三好校園共識營                                                   

時間:二○一一年十月八日

地點:傳燈樓三樓梯形會議室

八十五年前,我出生在中國江蘇揚州一個貧窮的家庭;七十三年前,很幸運的,我在南京棲霞山出家;六十二年前到台灣來,在台灣也住了六十多年,應該比總統馬英九、陳水扁更早到台灣,但是台灣人不承認我是台灣人,他們說我是外省人。

二十年前,蔣經國先生開放我們回到中國探親。家鄉父老跟我分別了四十年,也不認識我,他們看到我,都說:「台灣來的和尚!」。我究竟是哪裡人?大家都不承認我,所以後來我就安慰自己:沒有關係,中國人是改變不了的!現在世界各地都有華人,中華文化很普遍,兩岸雖然不認同我,至少這個地球不會嫌棄我,我就做地球人吧!

我從小沒有讀過書,三十歲以前,沒有看過學校,更不要說進過學校了。我在寺院裡受的是關閉式教育,叢林寺院老師的教授是口耳相傳。我記得在寺院裡面,不可以用鋼筆寫字,也沒有報紙週刊可以閱讀,像《三國演義》、《水滸傳》,那更不能看,看了是大逆不道。

至今想來,那樣的教育並不通情達理,十分專制。比方說,有時候眼睛稍微看一下,旁邊的老師立刻一個耳光打過來,「看什麼?什麼東西是你的?」我心想:「對啊!這個茶杯不是我的,桌子也不是我的,不能看!」所以我常常把眼睛閉起來,一閉幾個月,不去看。不過這也很好,不用眼睛看,可以用心看,所以我到現在走路轉彎、上下樓梯,都能不看,因為我心裡有數。

有時候不准說話對一個才十幾歲,正值好講年齡的小孩來說,也不容易。但是只要一開口,老師又是一個耳光打來,「講什麼話?這是佛殿,你有資格在這裡講話嗎?」的確,在教室、講堂、佛堂哪有我講話的資格?因此,我曾經有過一年不講話的經驗。我就想到,我們揚州最出名的是做醬油、醬菜,在醃漬的過程中,要把罈口密封起來,經過一段時間,醬油、醬菜就會變得更醇、更香。

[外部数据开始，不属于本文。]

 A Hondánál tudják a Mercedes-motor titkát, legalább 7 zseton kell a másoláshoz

所以,過去我剛從佛學院出來的時候,在很多信徒面前都不敢講話,因為關閉太久了,見到人講話就會發抖。不過,我很感謝這一種不合情理,無理對有理、無情對有情的教育,它讓我學習逆來順受。雖然年輕時接受的是打罵教育,但我往好處想,覺得這些都是理所當然的,很感謝這許多老師的打罵。因此,開放探親以後,我對於那許多還健在,高齡七、八十歲的老師,我一個一個請他們到美國、歐洲去旅行,感謝他們當初苦心打我、罵我,讓我成長。

除了這許多老師以外,當然要感謝父母。過去家庭貧窮,父母沒有辦法讓我吃好的、穿好的,但是他們給我一個很好的性格。什麼好的性格?勤勞。因為家裡沒有錢讓我念書,所以我從小就待在家裡,六、七歲就會煮飯菜,大人一出門,就開始整理環境,把家裡弄得很乾淨,為的是讓大人回來,看了心裡歡喜。這個勤勞的性格,最主要還是起於一個好念頭:「我要做一個好孩子,做一個好兒子,做一個好人!」現在回想起來,這個念頭對我的一生很重要。

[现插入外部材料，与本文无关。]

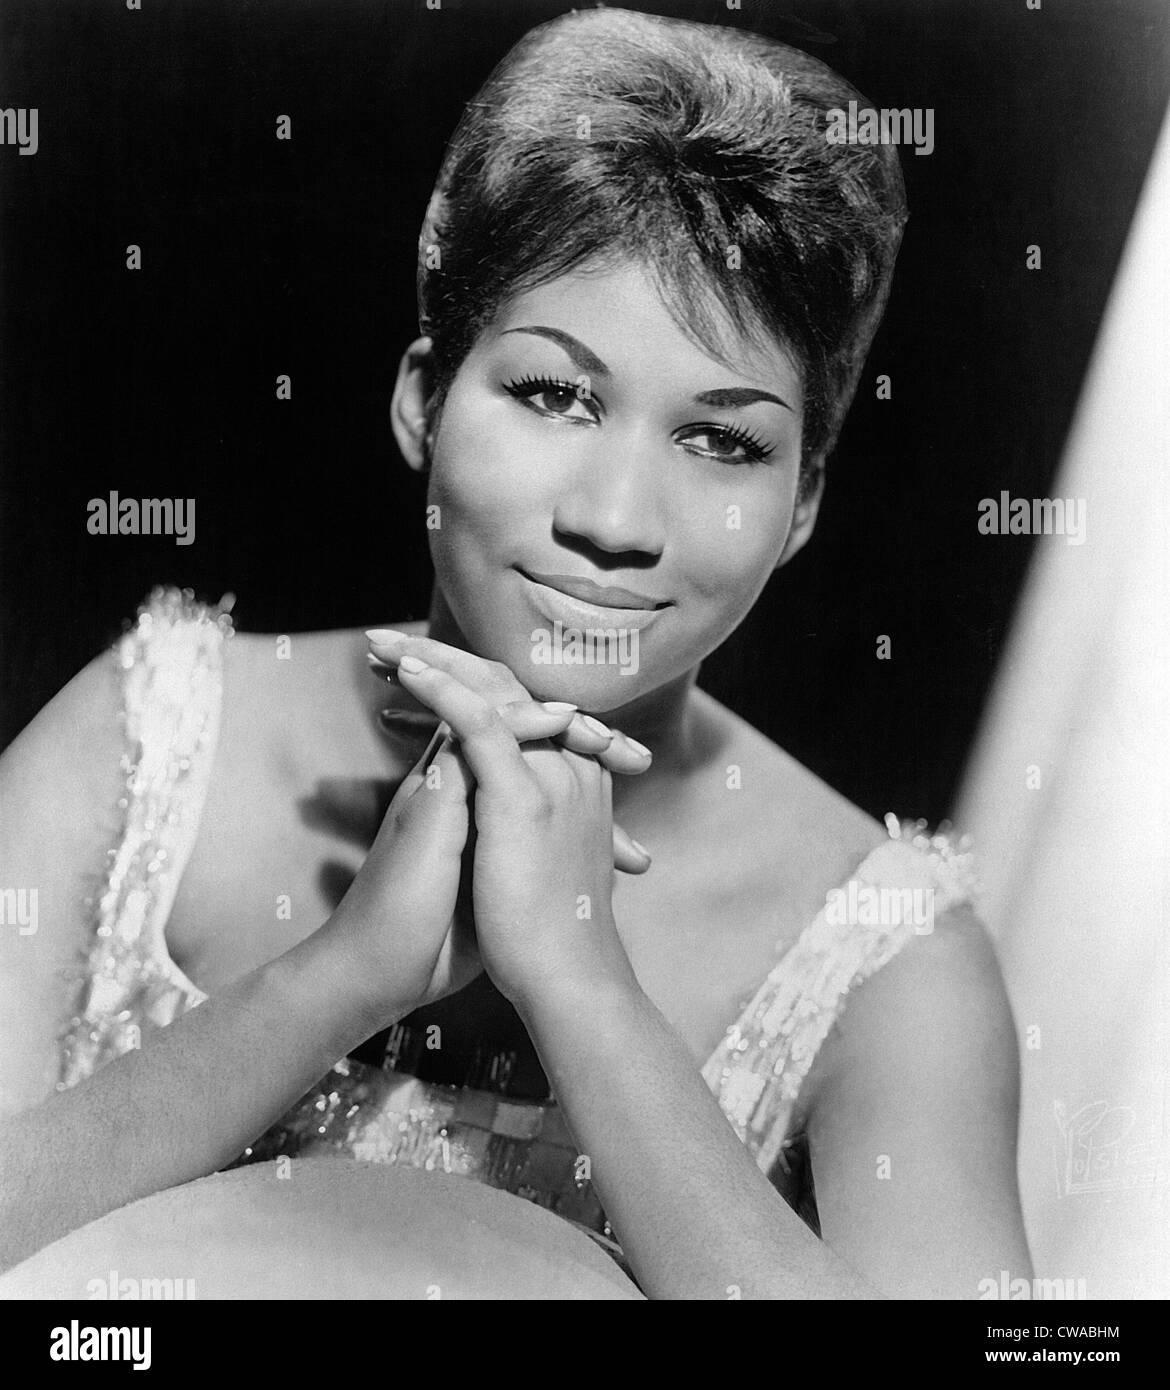 ARETHA FRANKLIN, 1964, Columbia Records pubblicità ritratto. Archivi CSU/Everett collezione. Immagini Stock

說到我提倡「三好運動」,過去在中國民間常聽大人們說:「你不要作孽!」作孽就是做壞事,也就是佛教裡說的「造業」,將來會有不好的果報。

什麼是「造業」?身做壞事,身就造業,如:打人、殺人、竊盜、搶劫、邪淫破壞別人的家庭等等。口說壞話,口就造業,像是惡口、罵人、兩舌、搬弄是非、說些不正當的語言挑撥離間等。不正當的意念,就是心在造業,如貪欲、瞋恨、嫉妒、愚痴、邪見、懷疑,凡事朝壞處去想,誤解他人的意思等等。

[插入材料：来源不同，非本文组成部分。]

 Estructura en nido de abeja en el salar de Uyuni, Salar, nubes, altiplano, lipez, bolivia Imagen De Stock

過去,我很欣賞蔣夫人說過的一句話:「行為決定一切。」意思是,行為可以決定我們的未來,決定人生的好壞。

佛教裡將人的身、口、意稱為「三業」,任何行為都起於身、口、意,三者可以造惡業,當然也可以造善業,你是好人,就會身做好事、口說好話、心存好念,你不做好人,身、口、意就會造罪業,造不善業。佛教裡講「念佛」,為什麼佛要我們念?其實,佛不要我們念,念佛是念自己的心,讓我的心跟佛一樣,我有好心好念,就可以改變一切。

記得在民國二十幾年,我還沒有來到台灣,當時正是「唯物思想」慢慢在中國普遍的時候。有一天,一位佛教界的長老圓瑛法師在北京講經,講「唯心」、「唯識」,說心可以決定一切。有一位教授聽了,中場忍不住要提問題。他說:「你這位法師開口唯心、閉口唯識,『三界唯心,萬法唯識』,什麼是唯心所變?什麼是唯識所現?我是一個唯物人,講究現實,如果你現在可以變一頭馬出來,我就相信你的理論;如果變不出來,你的唯心、唯識就不要講了。」

這對圓瑛法師很為難,他是講理論的,不是變戲法的,怎麼能變一頭馬出來?不過現場有一個規矩,問題不用馬上回答,可以回去後把答案寫在牌子上,明天掛牌出來給大家看。

講經結束後,圓瑛長老回到寺裡,一夜無法安眠,他想著:「這怎麼回答呢?那位教授要叫我變馬,這馬要怎麼變出來?事和理不一樣,我在講理,他在講事,這事理怎麼圓融?怎麼交流呢?」一夜就苦思這個問題。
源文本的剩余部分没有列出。